According to the TIOBE Index (June 2025), Python is the number one programming language globally. According to the NASSCOM Future of Work Report 2023, Python is the top language skill demanded by tech employers in India. Combining Python with shell scripting in Linux gives you a serious productivity edge in the Indian IT job market.
If you want to sharpen your Python knowledge further, the Python interview questions guide at 3.0 University covers the concepts employers actually test.
Bash Script vs Python Script: When to Use Which
| Use Case | Bash Script | Python Script |
|---|---|---|
| File system operations | Excellent | Good |
| Chaining Linux commands | Excellent | Awkward |
| Complex data processing | Painful | Excellent |
| API calls and HTTP | Possible (curl) | Excellent (requests) |
| Startup scripts / cron jobs | Excellent | Good |
| Readability for teams | Low-Medium | High |
The real-world answer is: use Bash for gluing Linux commands together, use Python when your logic gets complex. Most DevOps engineers use both every day.
Understanding what a shell in Linux does, and how to script with it, is the gateway skill. Once you can write, permission, and execute scripts confidently, you can start building CI/CD pipelines, automated deployment scripts, and infrastructure-as-code workflows. That is the practical path into DevOps, and it starts with ./hello.sh.
Ready to go further?
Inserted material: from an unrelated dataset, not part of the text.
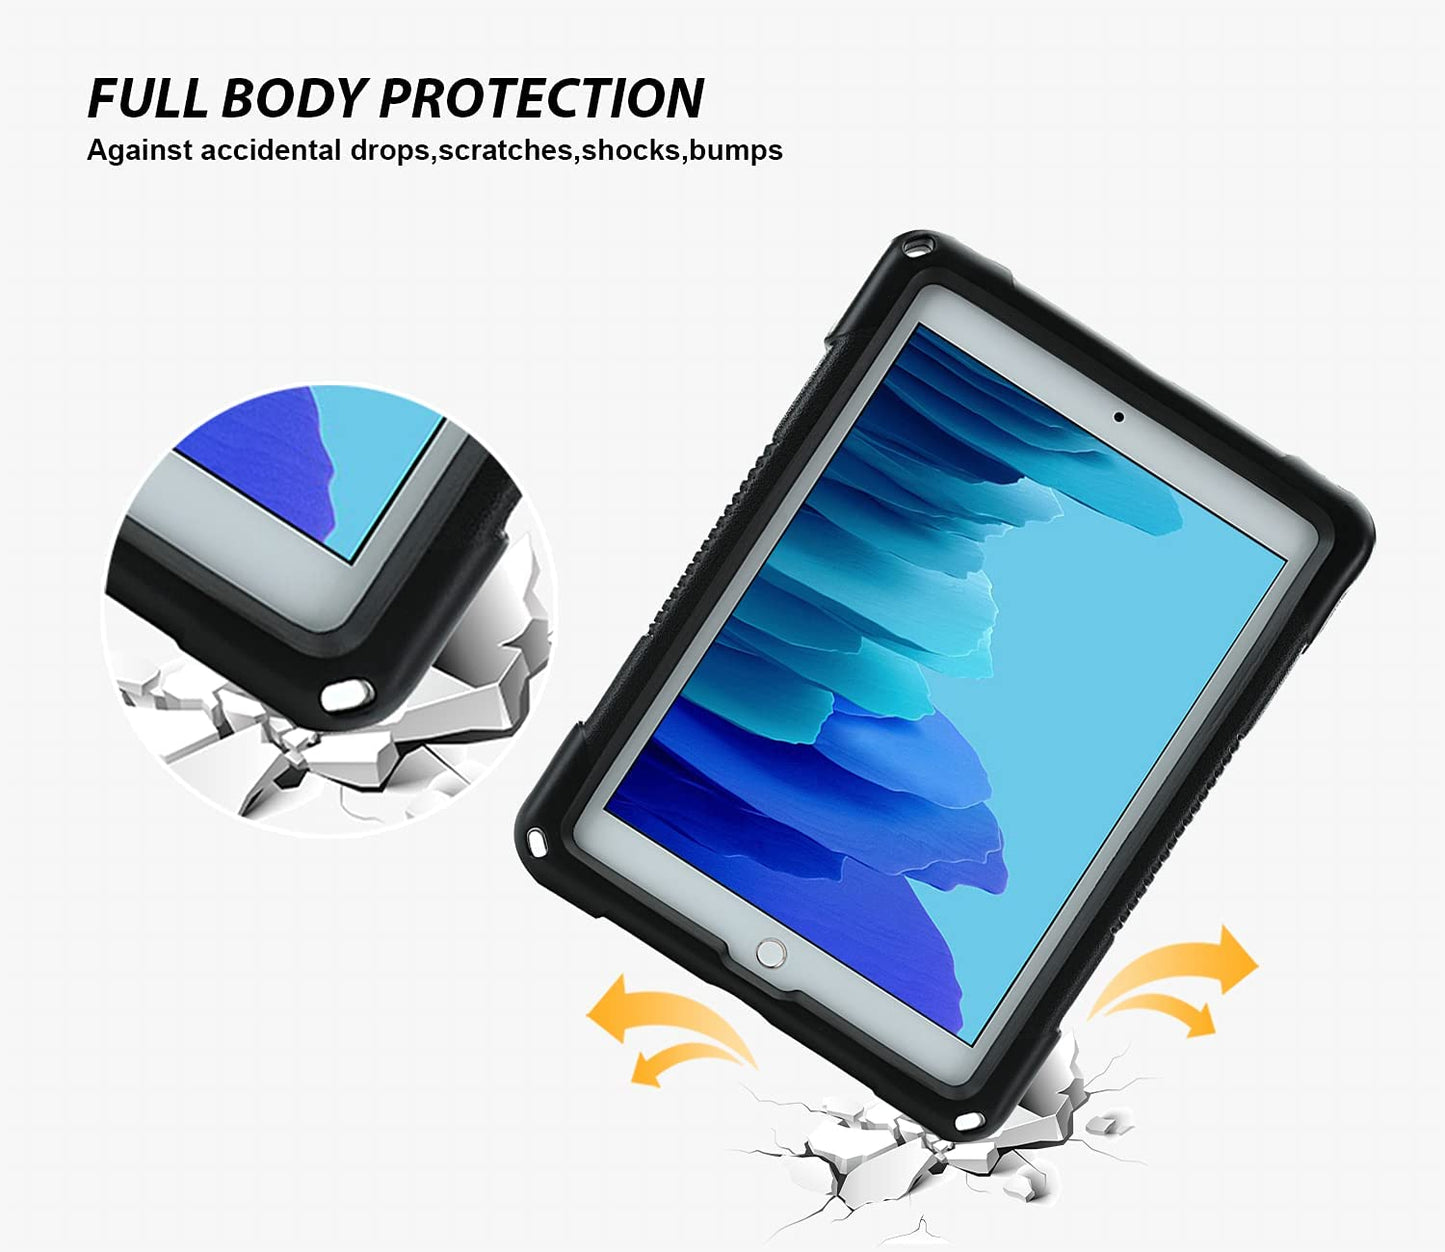 EVA iPad Case 10.2/10.5 inch with 360° Stand Handle Shoulder Strap
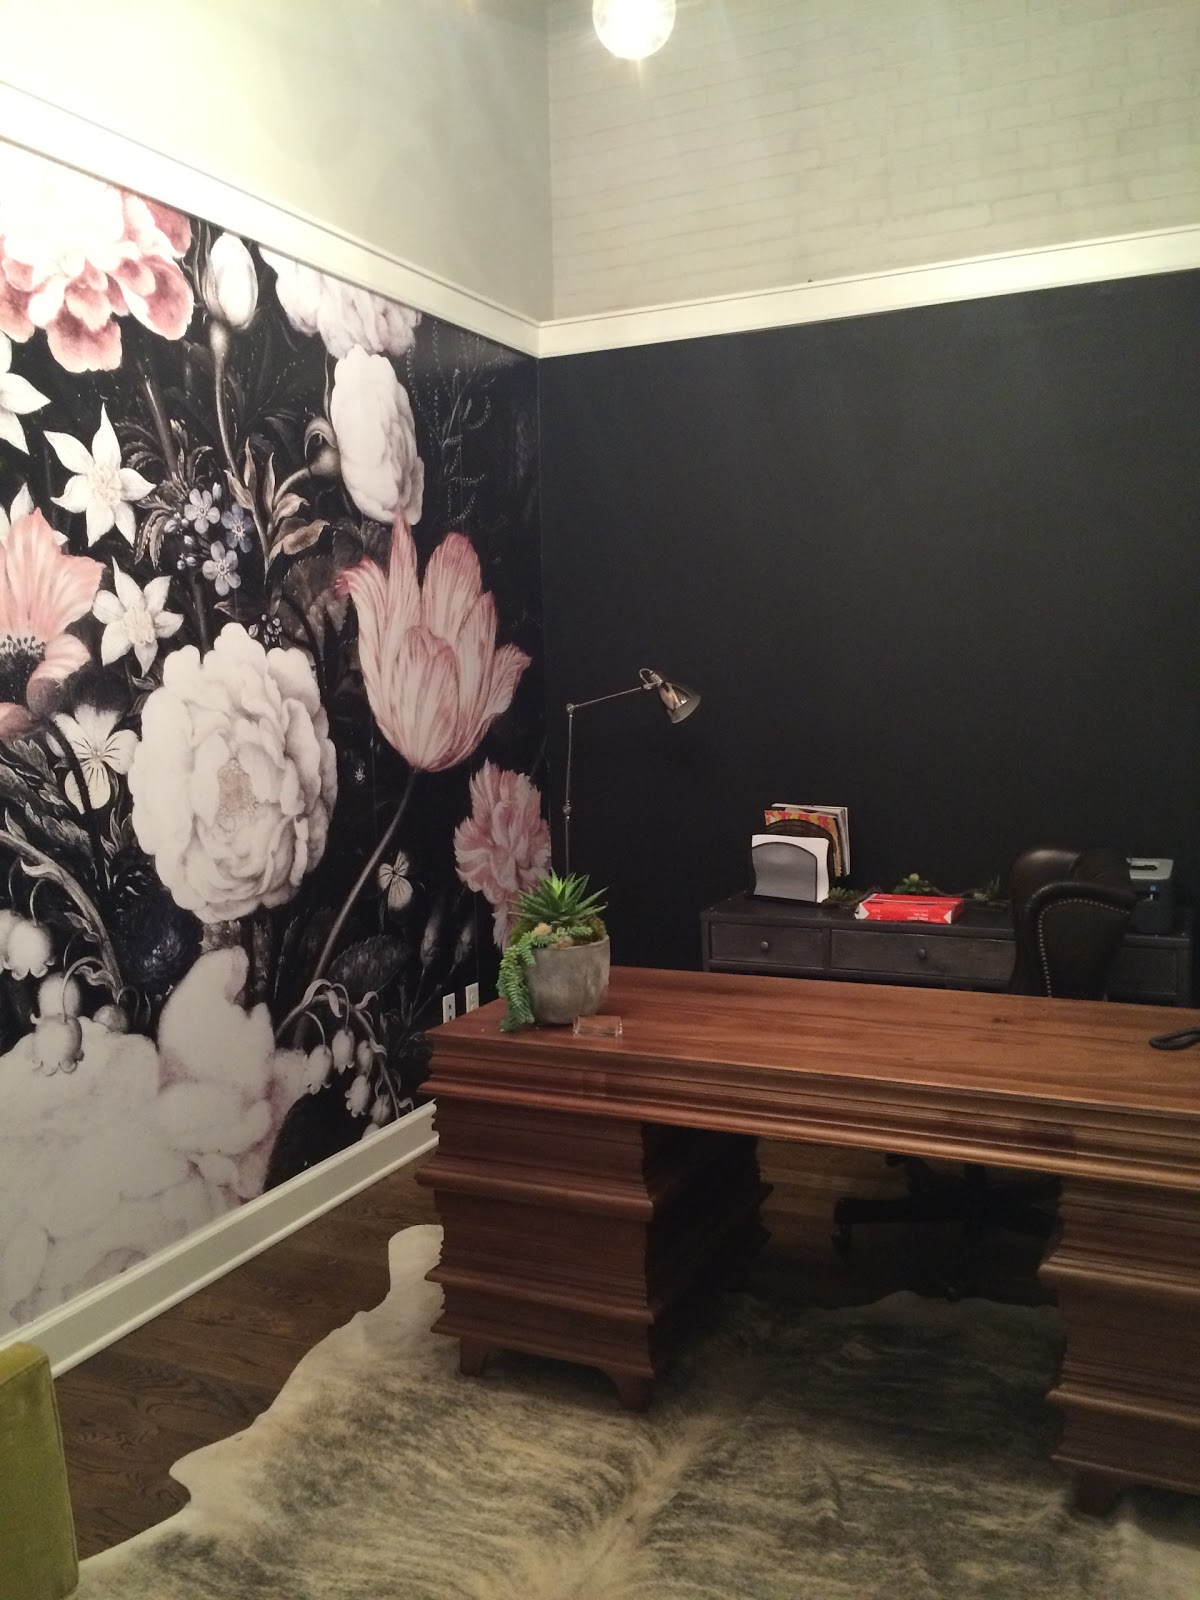 murale carta da parati floreale,interior design,camera,proprietà,mobilia,parete

Explore 3.0 University’s programming and DevOps learning paths at 3university.io and start building the skills that tech teams in India and globally are actively hiring for.
Frequently Asked Questions
What is a shell in Linux?
A shell in Linux is a command-line program that interprets your commands and passes them to the operating system kernel for execution. Bash is the most widely used shell on Linux systems. It reads from stdin, processes commands, and returns output to stdout. Shell scripts are text files containing sequences of these commands, run automatically by the interpreter.
How do you run a .sh file in Linux?
You have two main options. First, make it executable with chmod +x filename.sh, then run it with ./filename.sh. Second, call Bash directly with bash filename.sh, which does not require execute permissions. The second method is useful on shared servers where you do not have permission to change file modes.
How do you execute a shell script in Linux?
To execute a shell script in Linux, add a shebang line (#!/bin/bash) as the first line of your file, save it with a .sh extension, then run chmod +x script.sh to set execute permission. Call it with ./script.sh from the same directory, or use the full file path from anywhere on the system.
How do you exit Vim?
Press Esc to make sure you are in command mode, then type :wq and press Enter to save and quit. Use :q! to quit without saving. If you have made no changes, :q alone works. The ZZ shortcut (capital Z twice) also saves and exits. Always start with Esc if you are unsure which mode you are in.
How do you run a Python script in Linux?
Create a .py file with #!/usr/bin/env python3 as the first line. Run it with python3 script.py for the simplest approach. Alternatively, run chmod +x script.py and then ./script.py to execute it directly using the shebang. Make sure Python 3 is installed on your system first by running python3 --version in your terminal.
Last updated: June 2025. Reviewed by the 3University editorial team.